Multi-step-ahead prediction of water levels using machine learning: A comparative analysis in the Vietnamese Mekong Delta

Nguyen Duc Hanh, Nguyen Tien Giang, Le Xuan Hoa, Tran Ngoc Vinh, Huu Duy Nguyen
Author affiliations

Authors

  • Nguyen Duc Hanh Faculty of Hydrology, Meteorology and Oceanography, VNU University of Science, Vietnam National University, 334 Nguyen Trai, Thanh Xuan district, Hanoi, Vietnam
  • Nguyen Tien Giang Faculty of Hydrology, Meteorology and Oceanography, VNU University of Science, Vietnam National University, 334 Nguyen Trai, Thanh Xuan district, Hanoi, Vietnam
  • Le Xuan Hoa Dong Thap Provincial Hydrometeorological Station, Southern Regional Hydrometeorological Station, General Department of Hydrometeorology, Ministry of Natural Resources and Environment
  • Tran Ngoc Vinh Department of Civil and Environmental Engineering, University of Michigan, Ann Arbor, MI, USA
  • Huu Duy Nguyen Faculty of Geography, VNU University of Science, Vietnam National University, Hanoi, Vietnam

DOI:

https://doi.org/10.15625/2615-9783/21067

Keywords:

Water level, multi-step-ahead prediction, machine learning, Vietnamese Mekong delta

Abstract

This study evaluates the efficacy of five machine learning algorithms Support Vector Regression (SVR), Decision Tree (DT), Random Forest (RF), Light Gradient Boosting Machine Regressor (LGBM), and Linear Regression (LR) in predicting water levels in the Vietnamese Mekong Delta's tidal river system, a complex nonlinear hydrological phenomenon.
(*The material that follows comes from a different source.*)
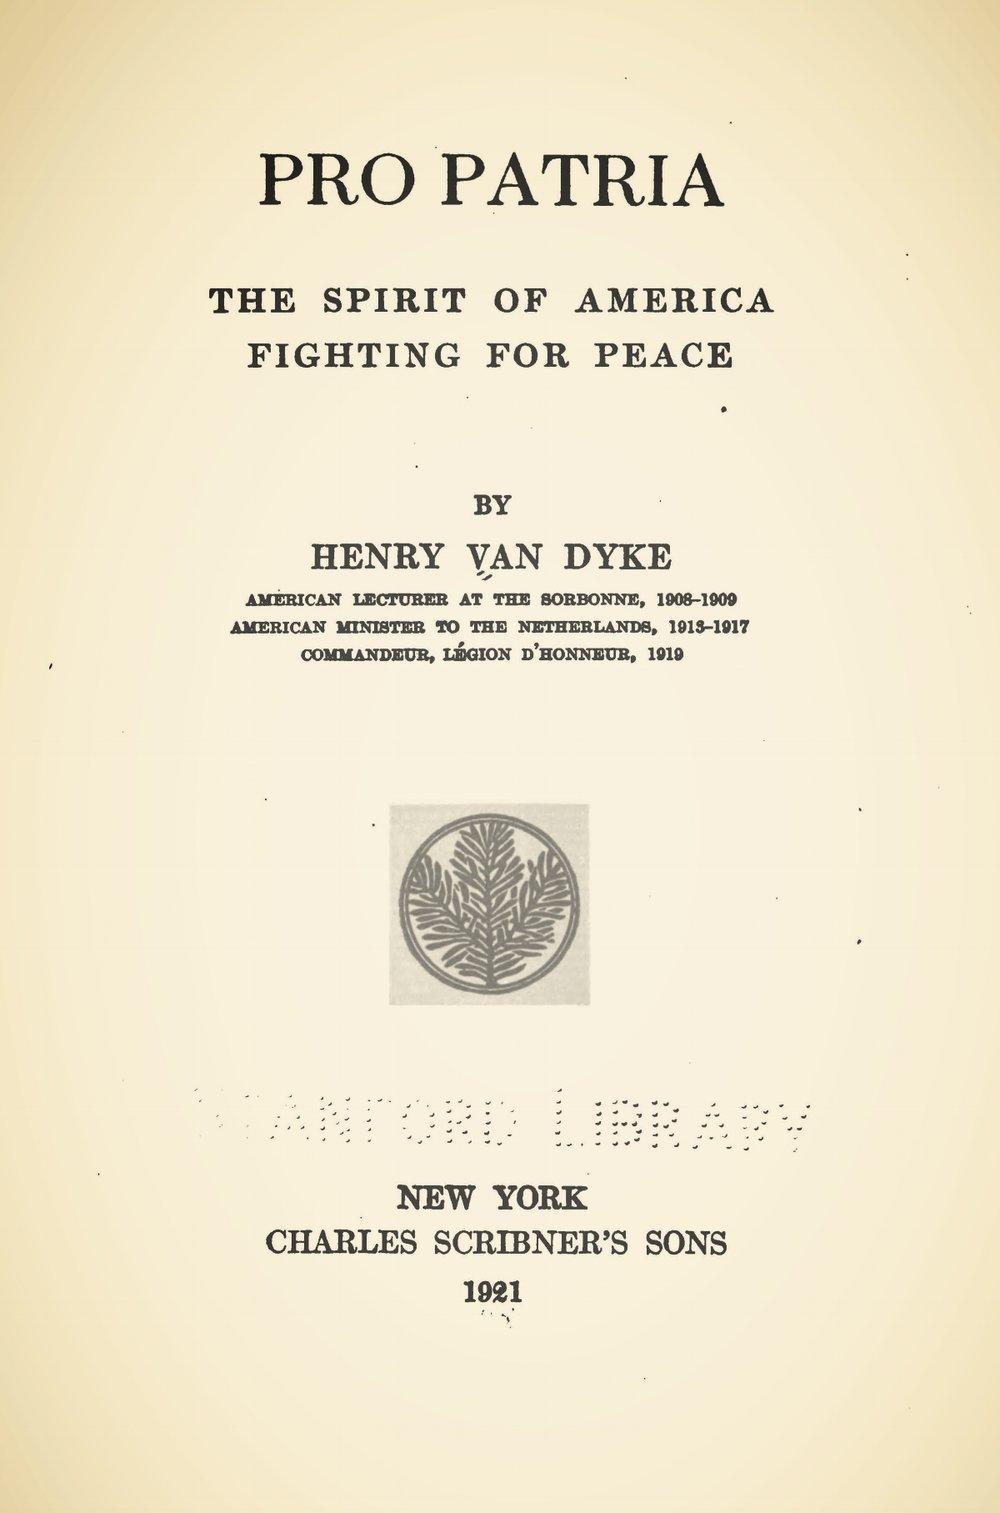 Van Dyke, Jr., Henry Jackson, Pro Patria Title Page.jpg

Using daily maximum, minimum, and mean water level data from the Cao Lanh gauging station on the Tien River (2000-2020), models were developed to forecast water levels one, three, five, and seven days in advance. Performance was assessed using Nash-Sutcliffe Efficiency, coefficient of determination, Root Mean Square Error, and Mean Absolute Error. Results indicate that all models performed well, with SVR consistently outperforming others, followed by RF, DT, and LGBM. The study demonstrates the viability of machine learning in water level prediction using solely historical water level data, potentially enhancing flood warning systems, water resource management, and agricultural planning. These findings contribute to the growing knowledge of machine learning applications in hydrology and can inform sustainable water resource management strategies in delta regions.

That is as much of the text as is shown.